▸ **Assignment**
I'd like the data beneath this line reproduced exactly, without any of its images.

▸ **Supplied material**

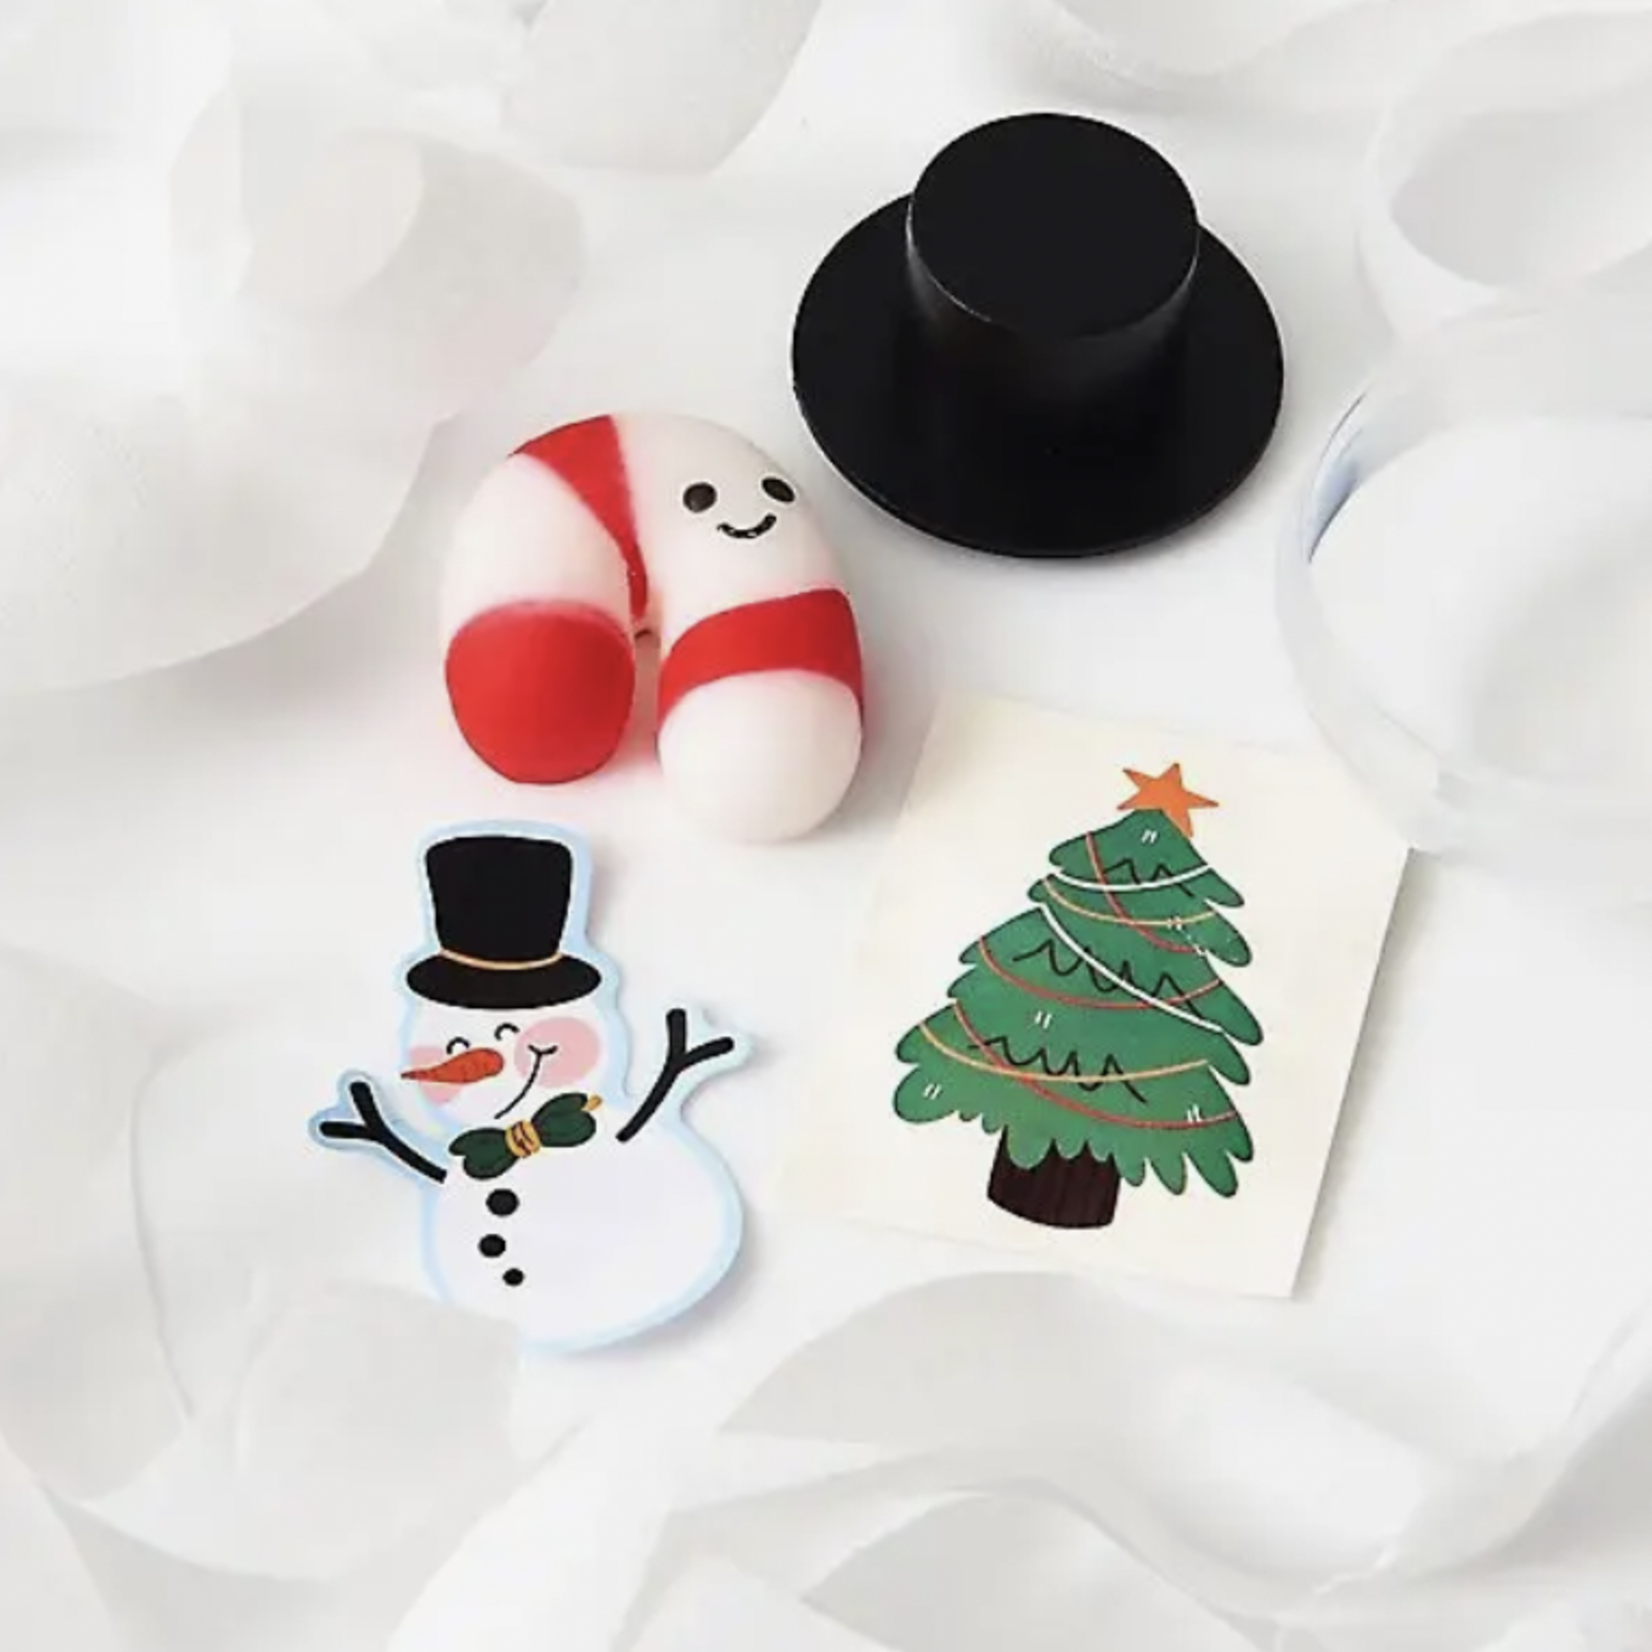 Paper Source Wholesale Snowman Surprise Balls - Set of 4
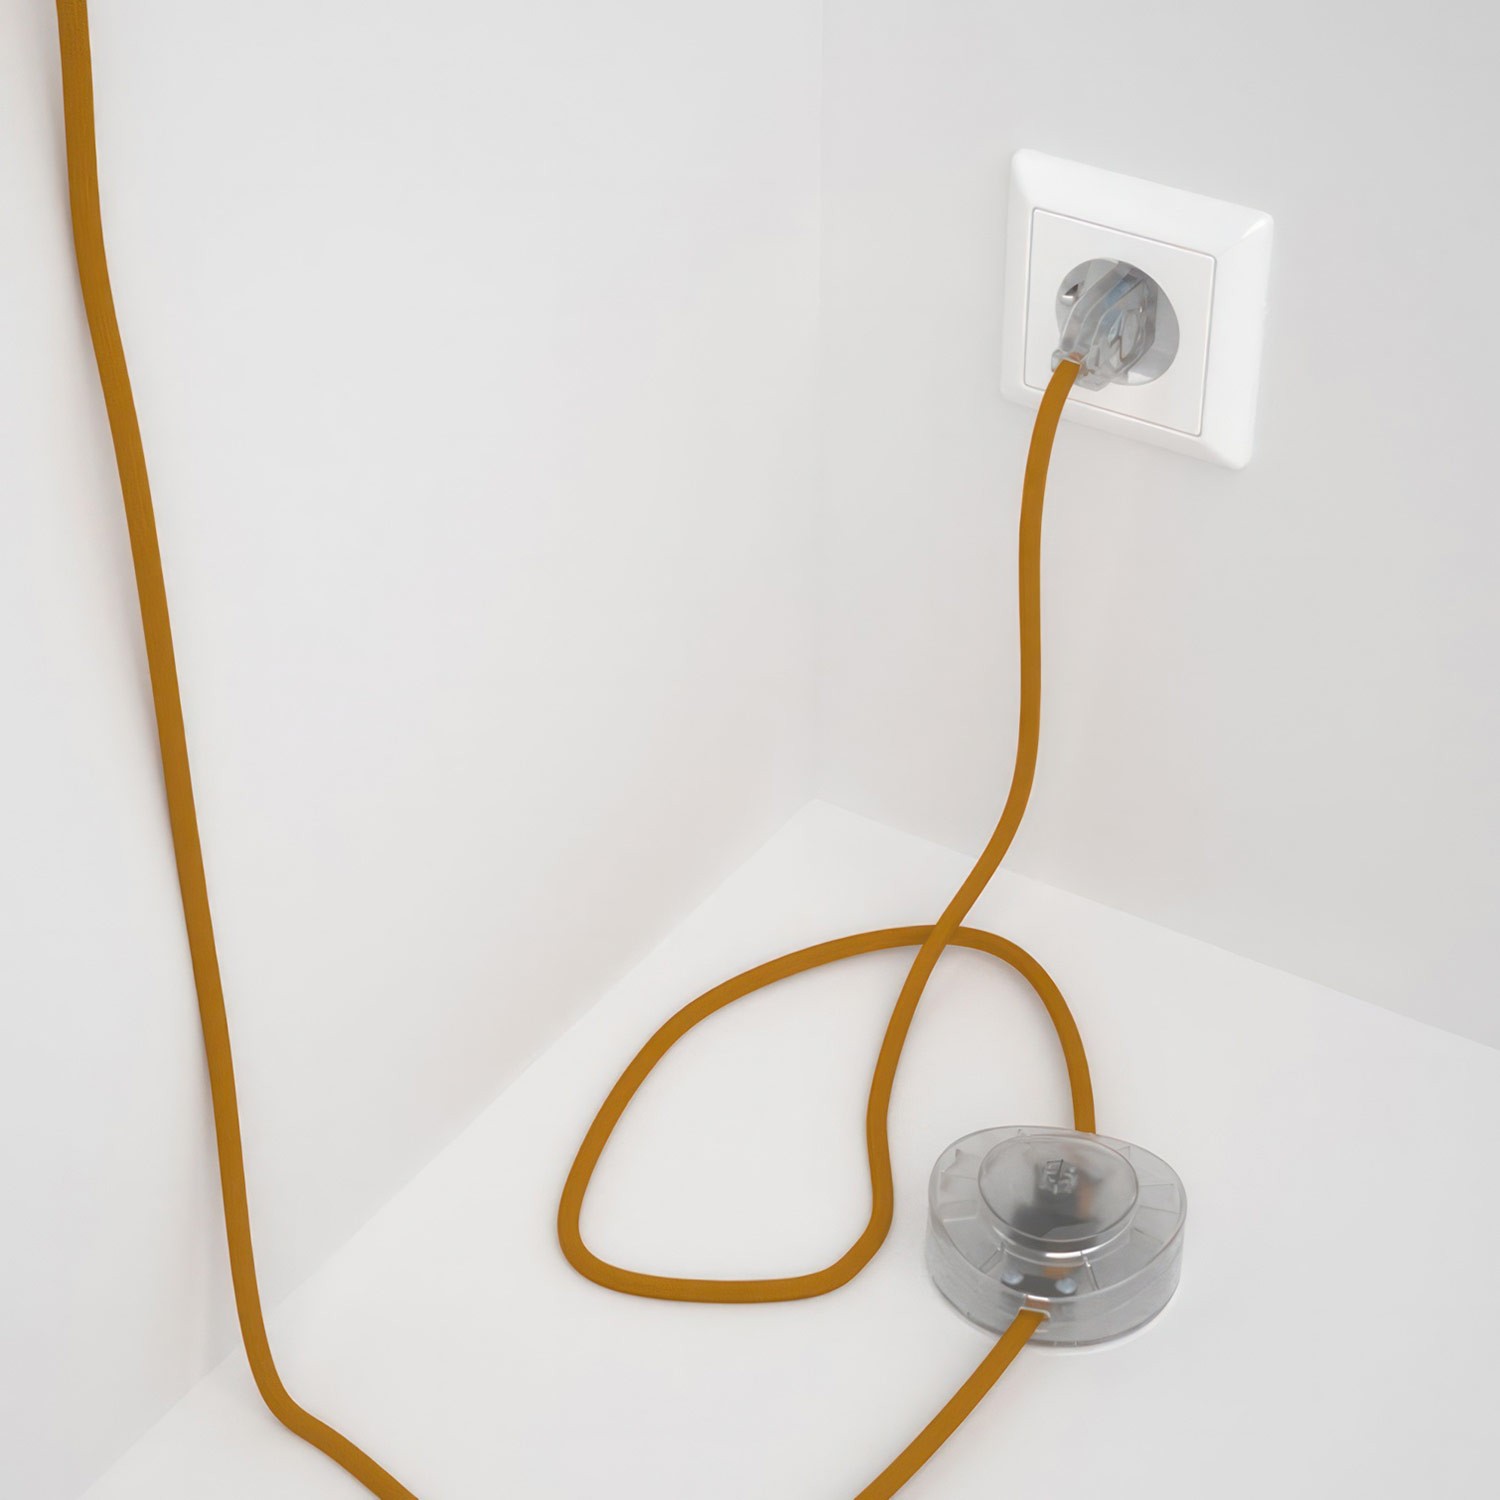 Cableado para lámpara de pie, cable RM25 Efecto Seda Mostaza 3 m. Elige tu el color de la clavija y del interruptor!
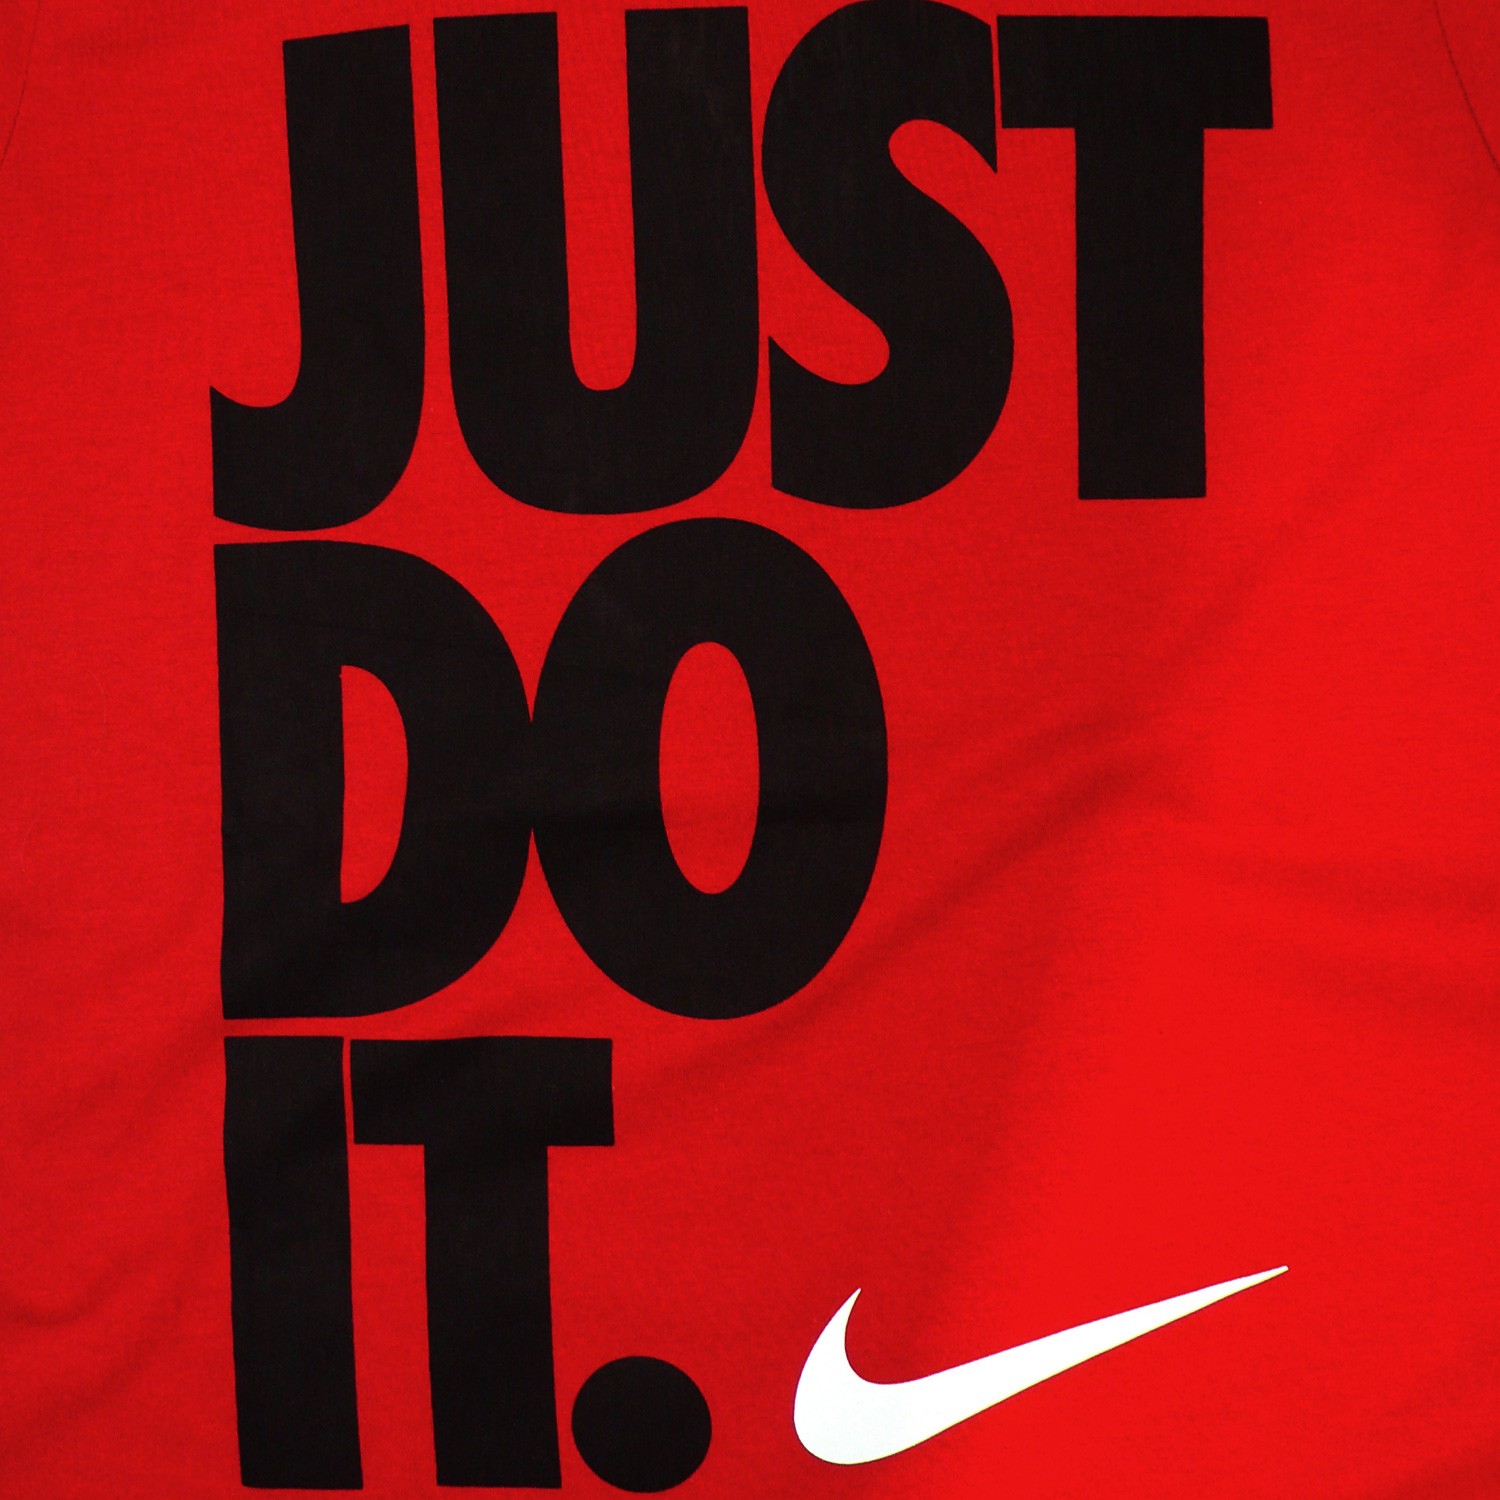 Найк just do it. Nike just do it лого. Лозунг найк. Just do it логотип. Слоган Nike just do it.

▸ **Exercise result**
 Paper Source Wholesale Snowman Surprise Balls - Set of 4
 Cableado para lámpara de pie, cable RM25 Efecto Seda Mostaza 3 m. Elige tu el color de la clavija y del interruptor!
 Найк just do it. Nike just do it лого. Лозунг найк. Just do it логотип. Слоган Nike just do it.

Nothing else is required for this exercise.